* **DATA BELOW**:
......

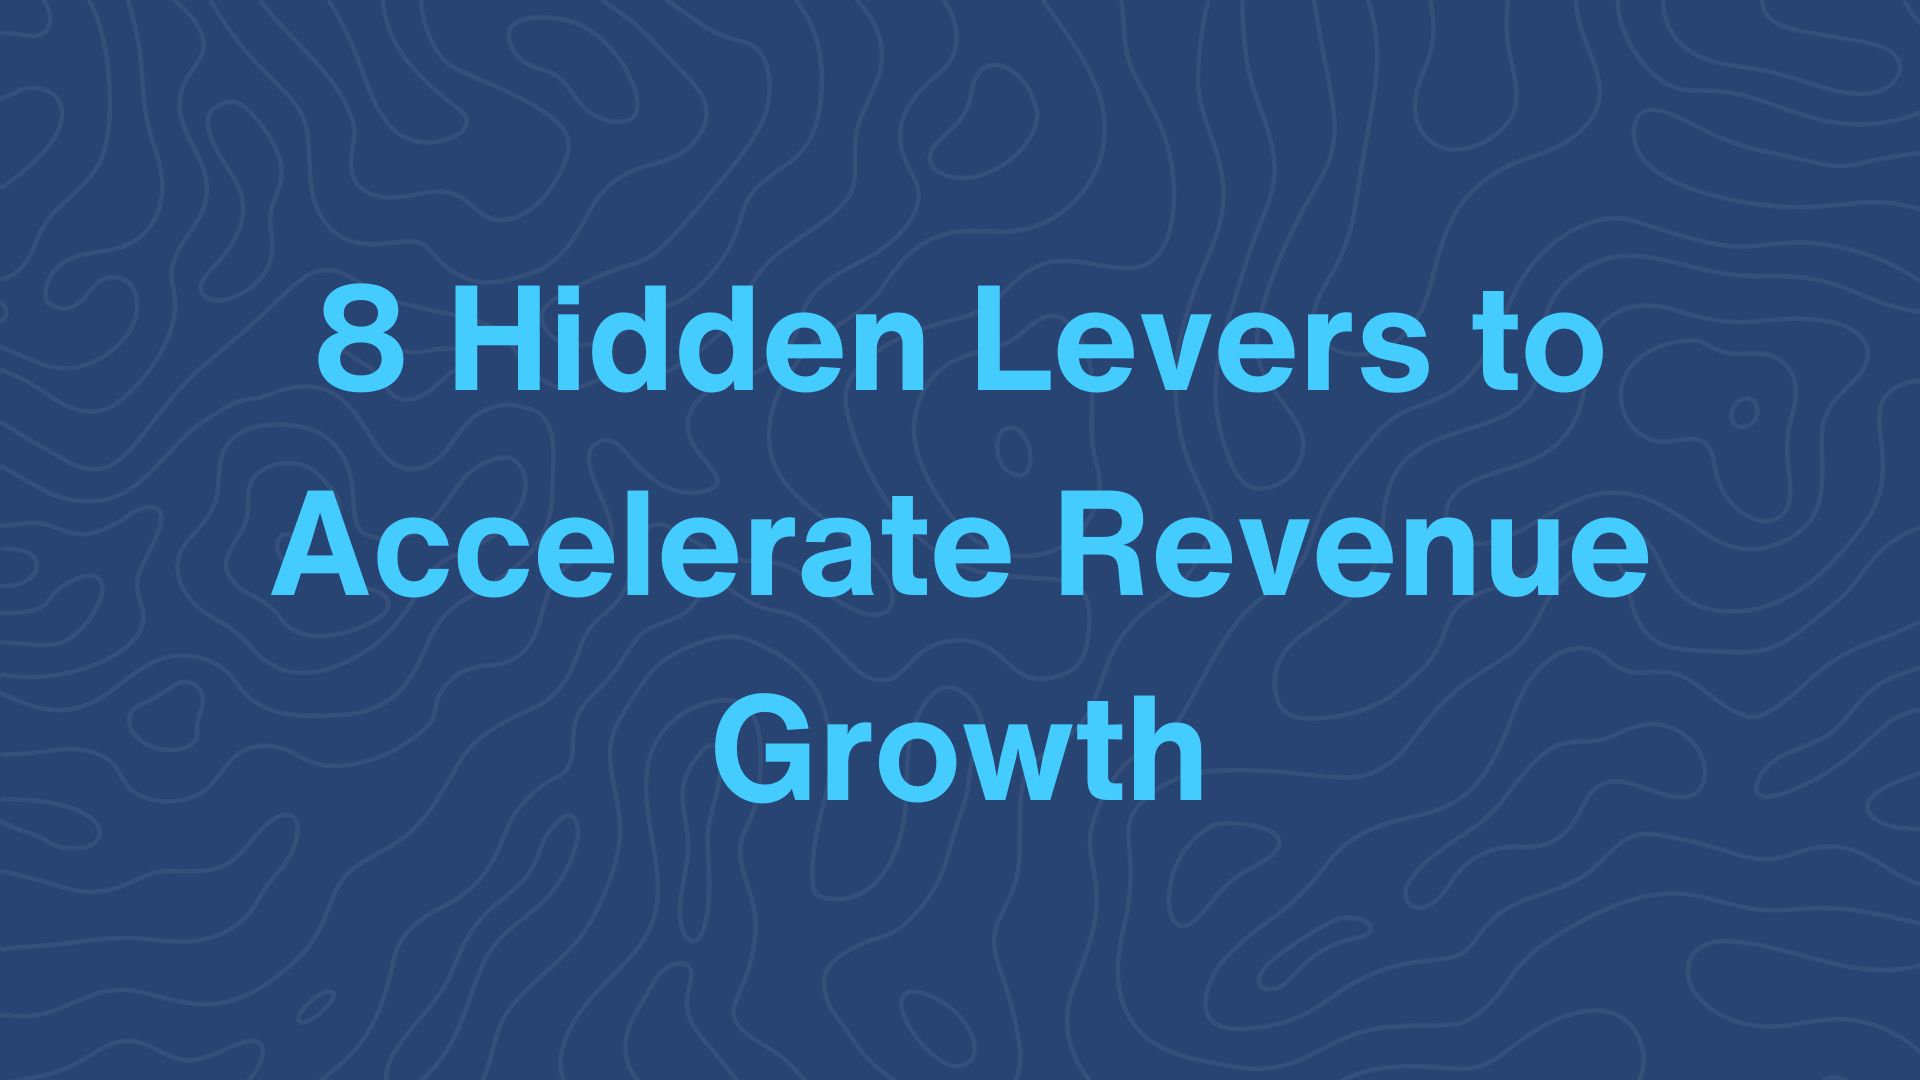 8 Hidden Levers to Accelerate Revenue Growth
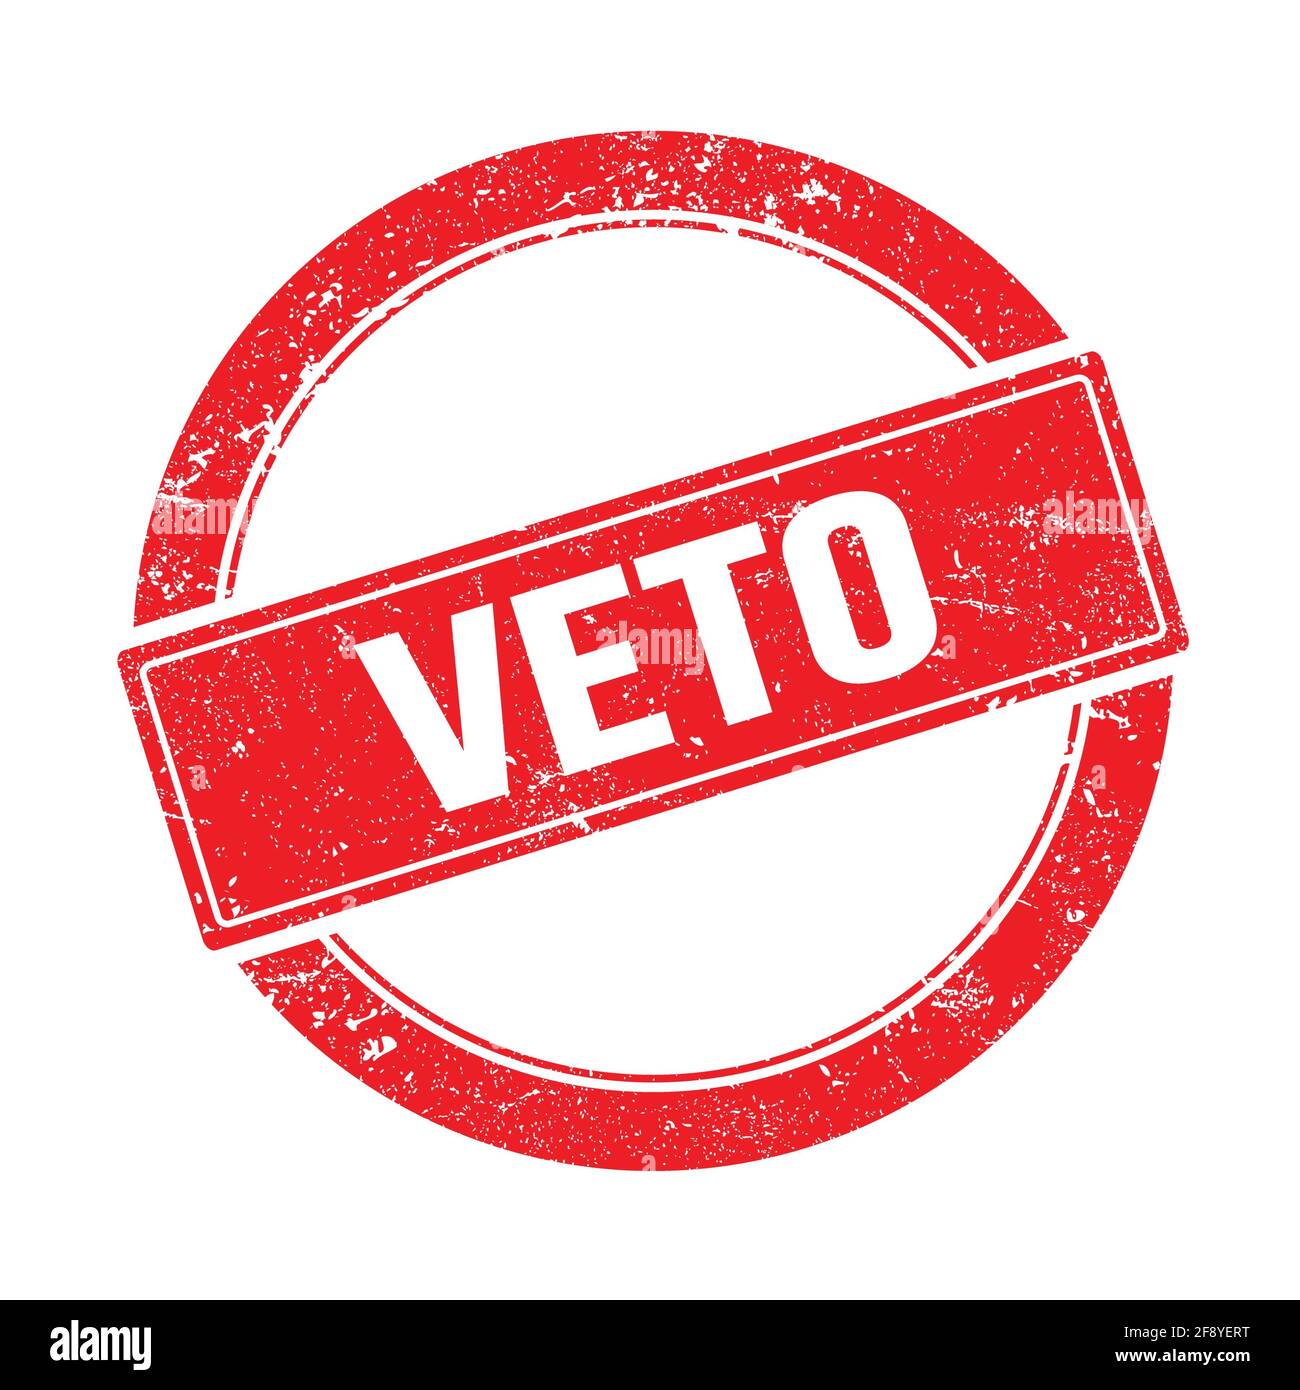 VETO text on red grungy round vintage stamp Stock Photo - Alamy
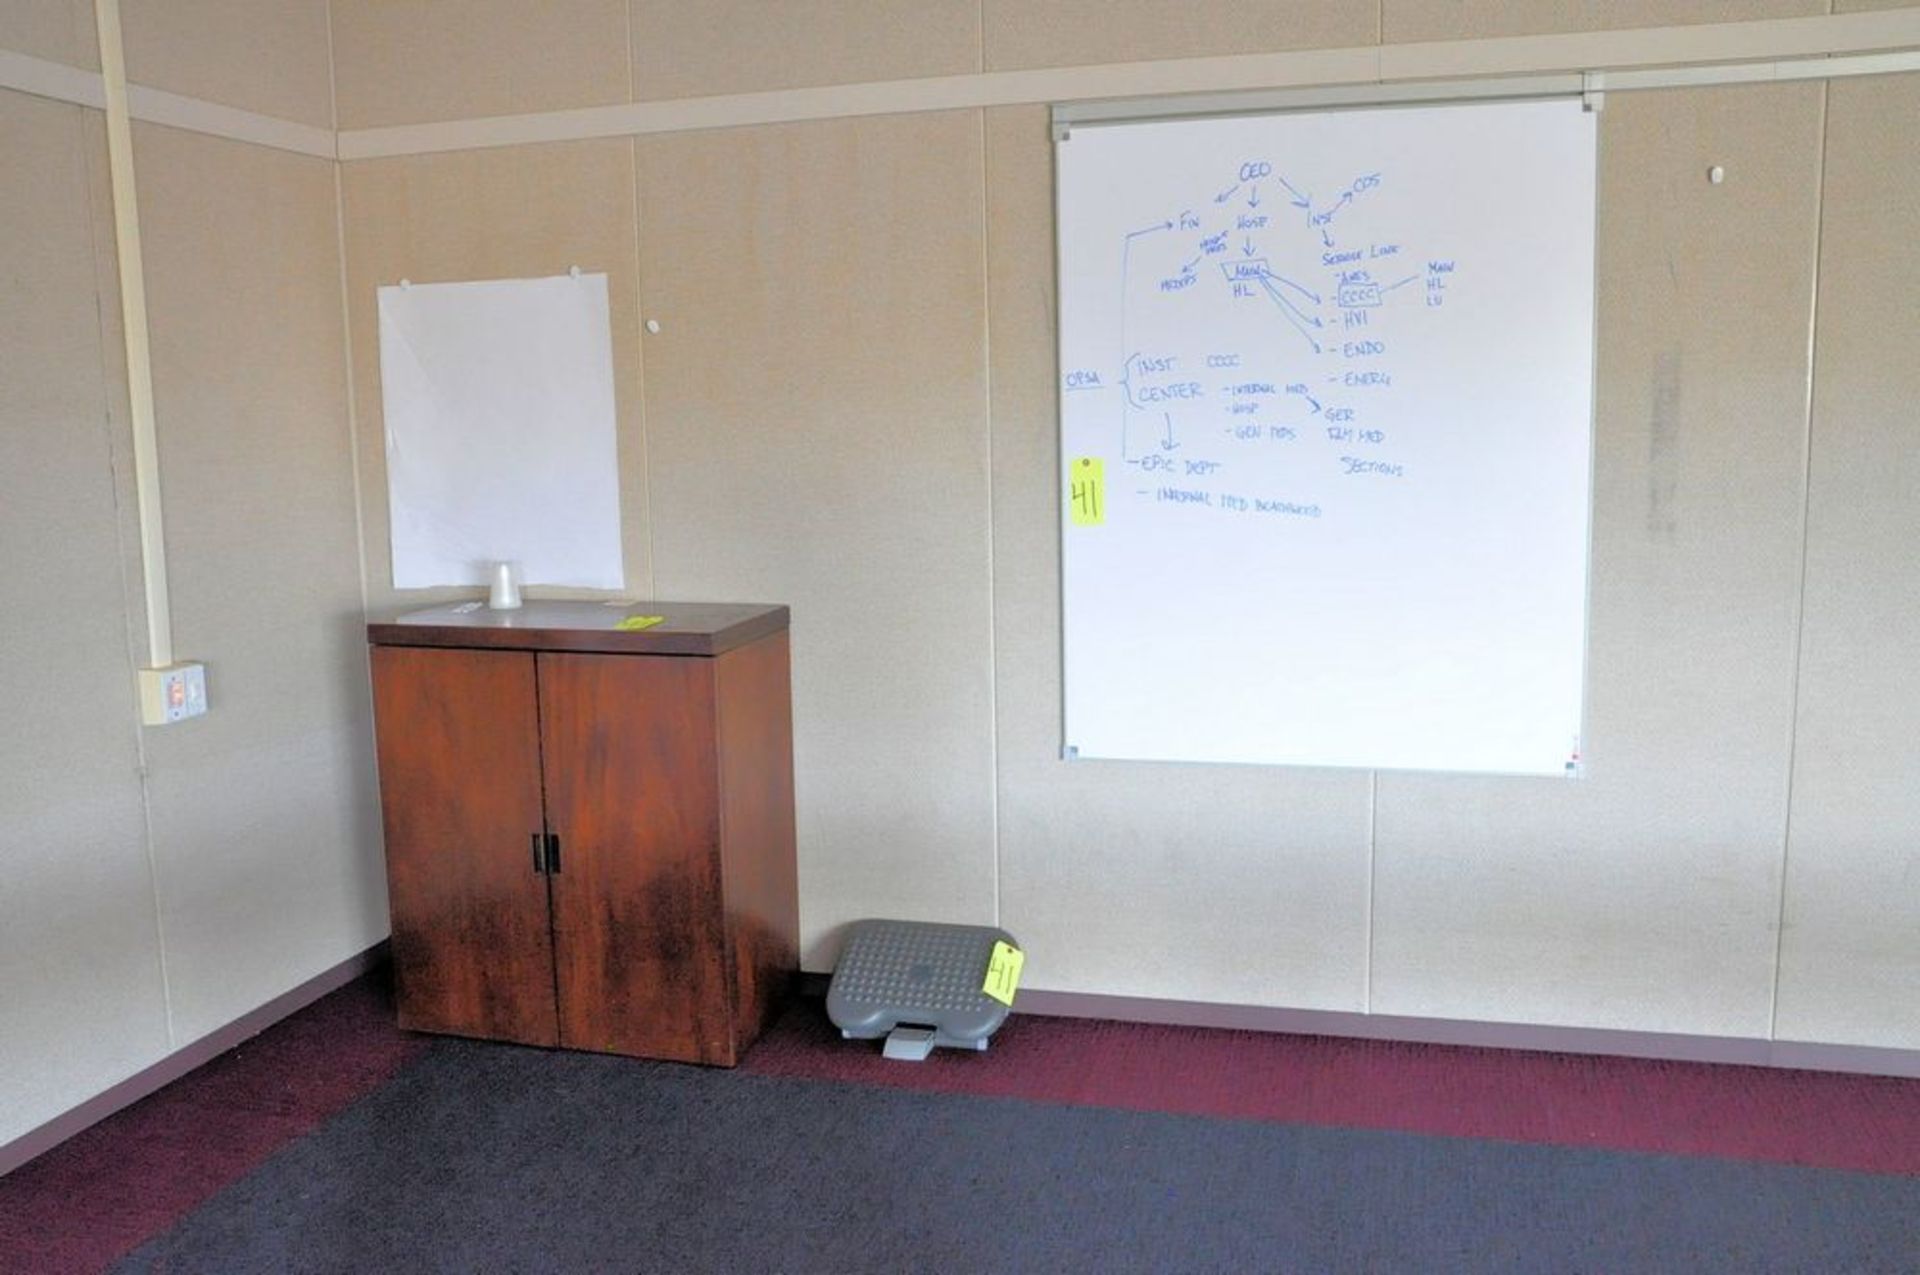 Lot-(1) Conference Table, with (1) 2-Door Storage Cabinet, (1) Foot Rest, and (1) Dry Erase Board in - Image 2 of 3

......

* **TASK GOAL**: The listing above is to be retyped word for word, with the pictures omitted.

* **SOLUTION TO THE PROBLEM**:
 8 Hidden Levers to Accelerate Revenue Growth
 VETO text on red grungy round vintage stamp Stock Photo - Alamy
 Lot-(1) Conference Table, with (1) 2-Door Storage Cabinet, (1) Foot Rest, and (1) Dry Erase Board in - Image 2 of 3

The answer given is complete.